‘Classification czar’ can testify in AIPAC staffers’ case


WASHINGTON (JTA) — The Bush administration’s former "classification czar" can testify for the defense in the case against two former AIPAC staffers.

Federal Judge T.S. Ellis III in an order released Wednesday allowed the testimony of William Leonard, who headed the Information Security Oversight Office, in the classified information leak case.

Leonard could be the most damaging witness to the prosecution when Keith Weissman, the American Israel Public Affairs Committee’s former Iran analyst, and Steve Rosen, its former foreign policy chief, go to trial for allegedly relaying classified information to colleagues, journalists and Israeli diplomats.

Lawyers for Rosen and Weissman sought the testimony of Leonard, who oversaw classification procedures from 2002 to 2008, and his predecessor, Steven Garfinkel, because both men have argued in retirement that the government overclassifies. Their expertise could undermine arguments that the information allegedly handled by Rosen and Weissman met the standards of "national defense information," which Ellis has said the government must prove.

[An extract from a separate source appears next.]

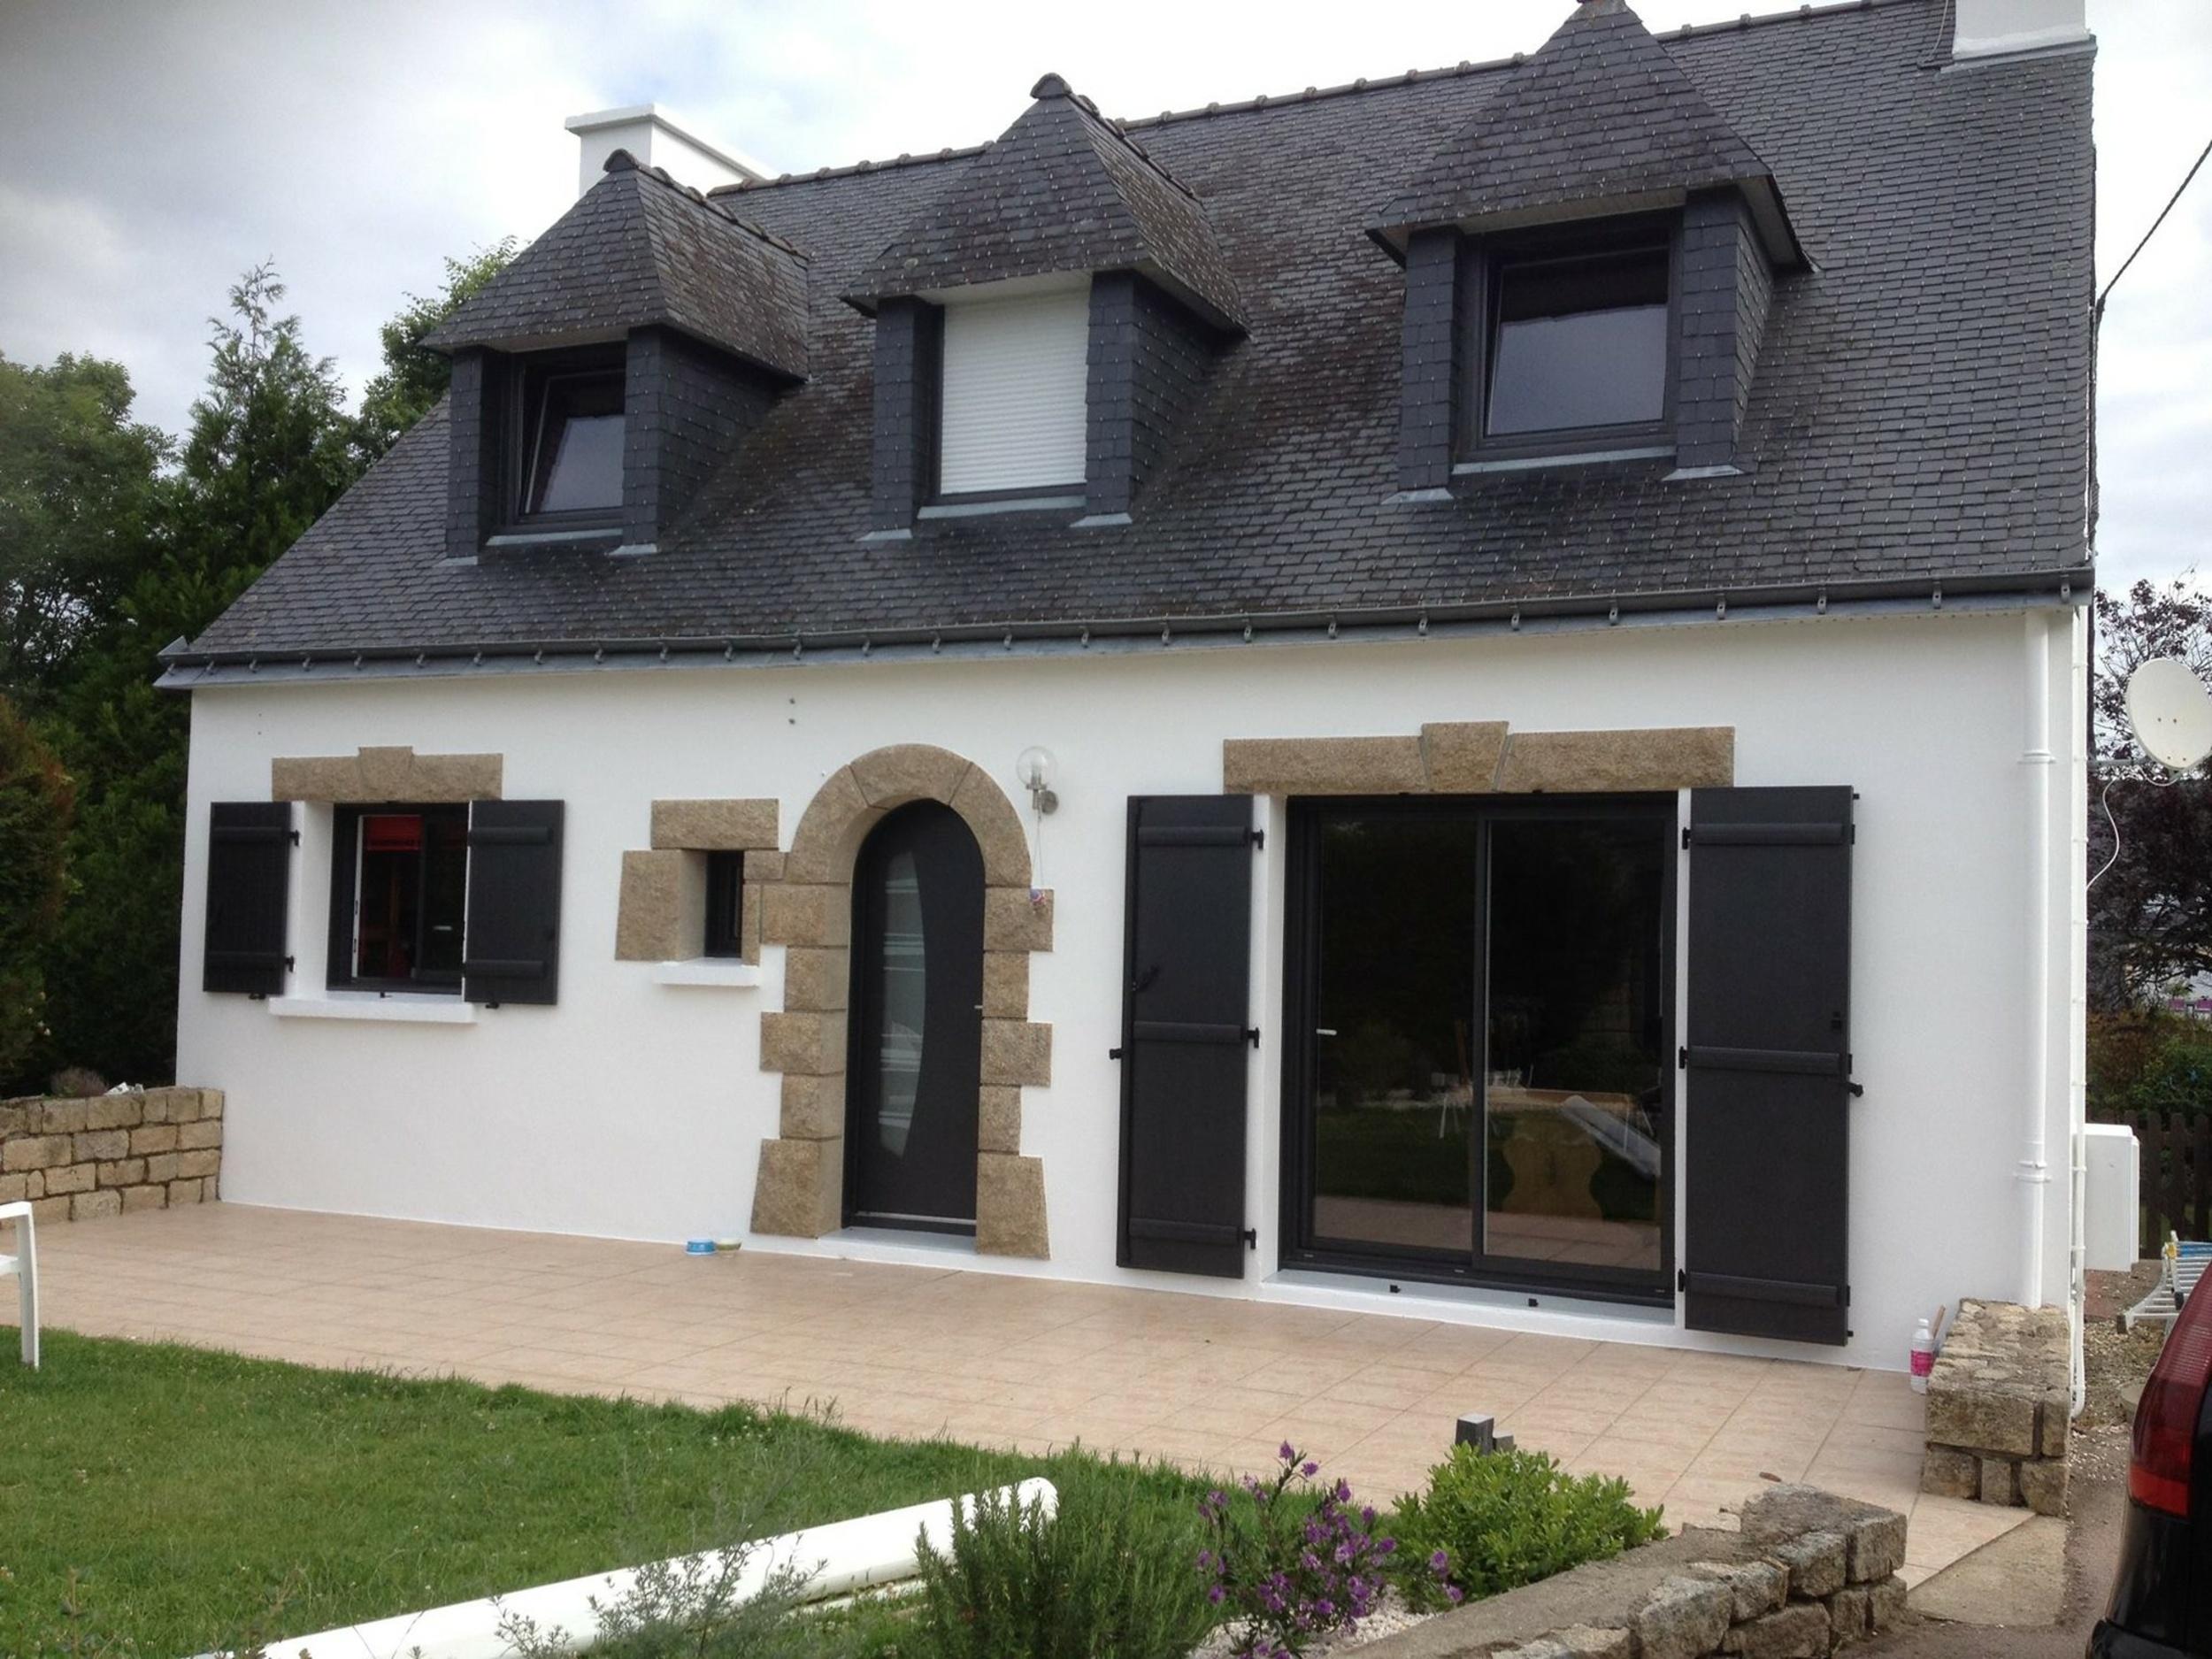 Installation de menuiseries extérieures - Morbihan (56)

Proving that information was classified is not by itself enough to show wrongdoing. Prosecutors must show it meets national defense information standards of being "closely held" by the United States and that its release could potentially damage the nation.

Prosecutors sought to bar Leonard from the witness stand, saying that his testimony would violate a law banning government officials who have been substantially involved in an investigation from testifying on behalf of any party contesting the United States in court cases arising out of the investigation.

In his order, Ellis summarily dismissed prosecution claims that an hourlong conversation prosecutors had with Leonard in 2006 qualified as "substantial involvement" in the investigation as defined by the law. In a footnote, the judge suggests that the true reason prosecutors sought to keep Leonard off the stand was that he made clear in the meeting that his views on overclassification would undermine rather than reinforce their case.

"That Leonard might disagree with the government is no reason to allow the government to invoke" the relevant statute "to prevent Leonard from serving as a defense expert," Ellis wrote.

FBI agents raided AIPAC offices in August 2004; Rosen and Weissman were indicted a year later. Their case has yet to come to trial, mostly because of disagreements over what information may be presented at trial.